Subscription services are springing up for just about anything these days. One of the best known is the Dollar Shave Club, a company that started as a subscription service for disposable razors, and has branched out to a wide variety of grooming items, from lotions to sunscreen and more. Others range from LootCrate, a monthly box full of nerd toys, to MeUndies, a box of custom underwear, to BarkBox, a pet-focused monthly box full of toys and treats for your dog.
Subscription products offer a range of benefits for a company selling them.
- Predictability. You know, more or less, how much revenue you’re going to have from month to month. Some people cancel, some people subscribe, but you have a generally predictable baseline for how much you’ll be able to pull in.
- Customer loyalty. Subscription products, when they’re high enough in quality, inspire quite a bit of loyalty from customers. Plus, if you have a rotating selection of unique products each month, customers may be disincentivized from unsubscribing because of the fear of missing out on something good next month.

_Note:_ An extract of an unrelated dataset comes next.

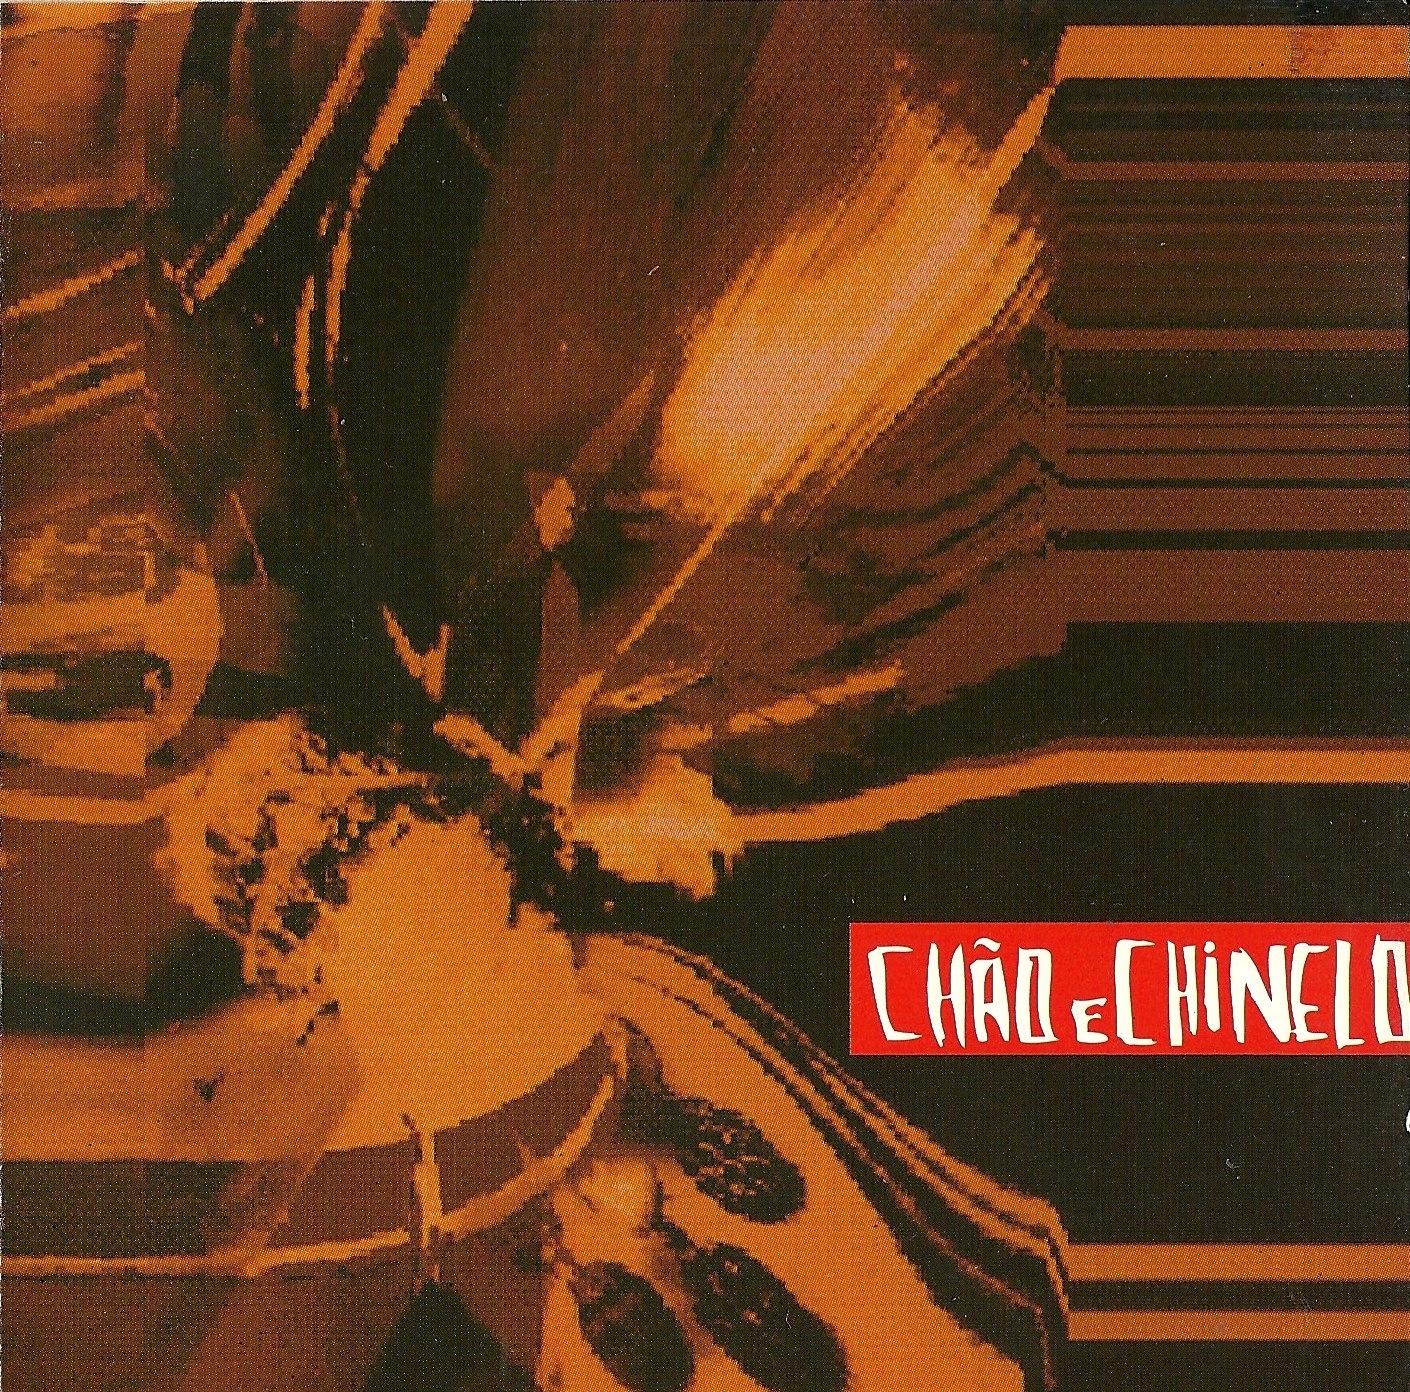 34 1999 Loa do Boi Meia Noite - Chao e Chinelo.jpg
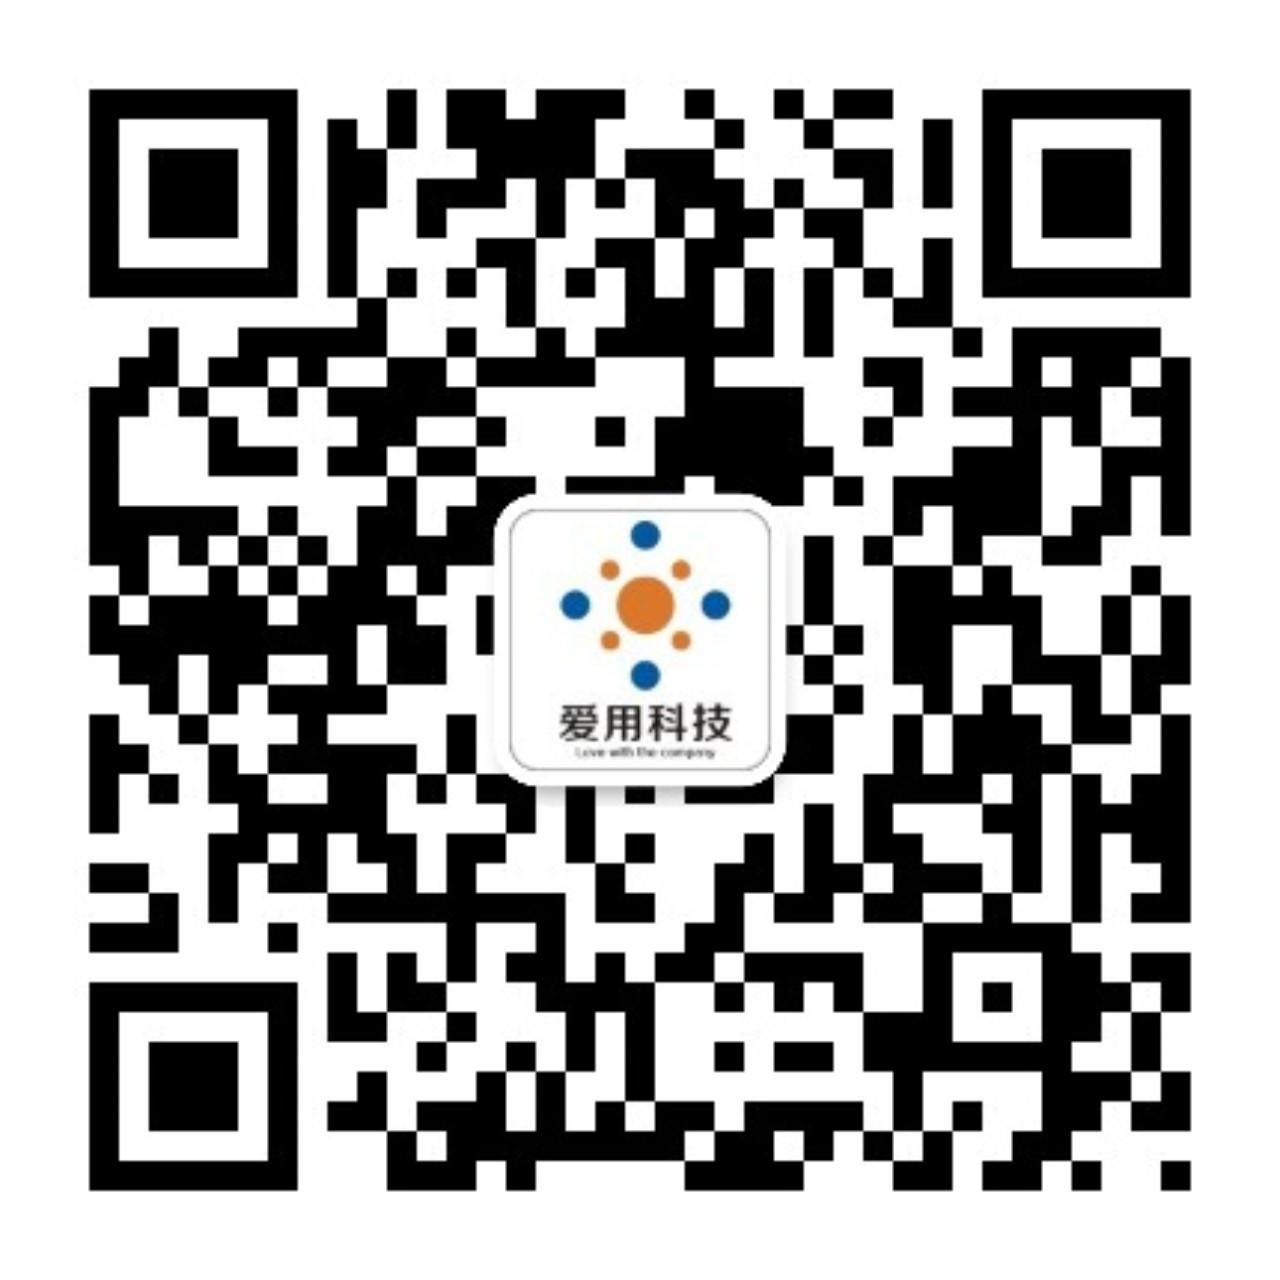 郏县生活网官方微信

- Ease of cross- and up-selling. You have an established, ongoing monthly relationship with your customers. This keeps the marketing channel open, and you can easily promote cross-sells and upsells through that channel.
Subscription services abound in modern commerce, but despite that, there’s still a lot of space for newcomers to start their own. With growing popularity, it’s no wonder that many entrepreneurs are looking to offer some kind of subscription service themselves. You might want to start a new business specifically for your subscription boxes, or you might want to offer a subscription option for some of your existing store’s most in-demand products.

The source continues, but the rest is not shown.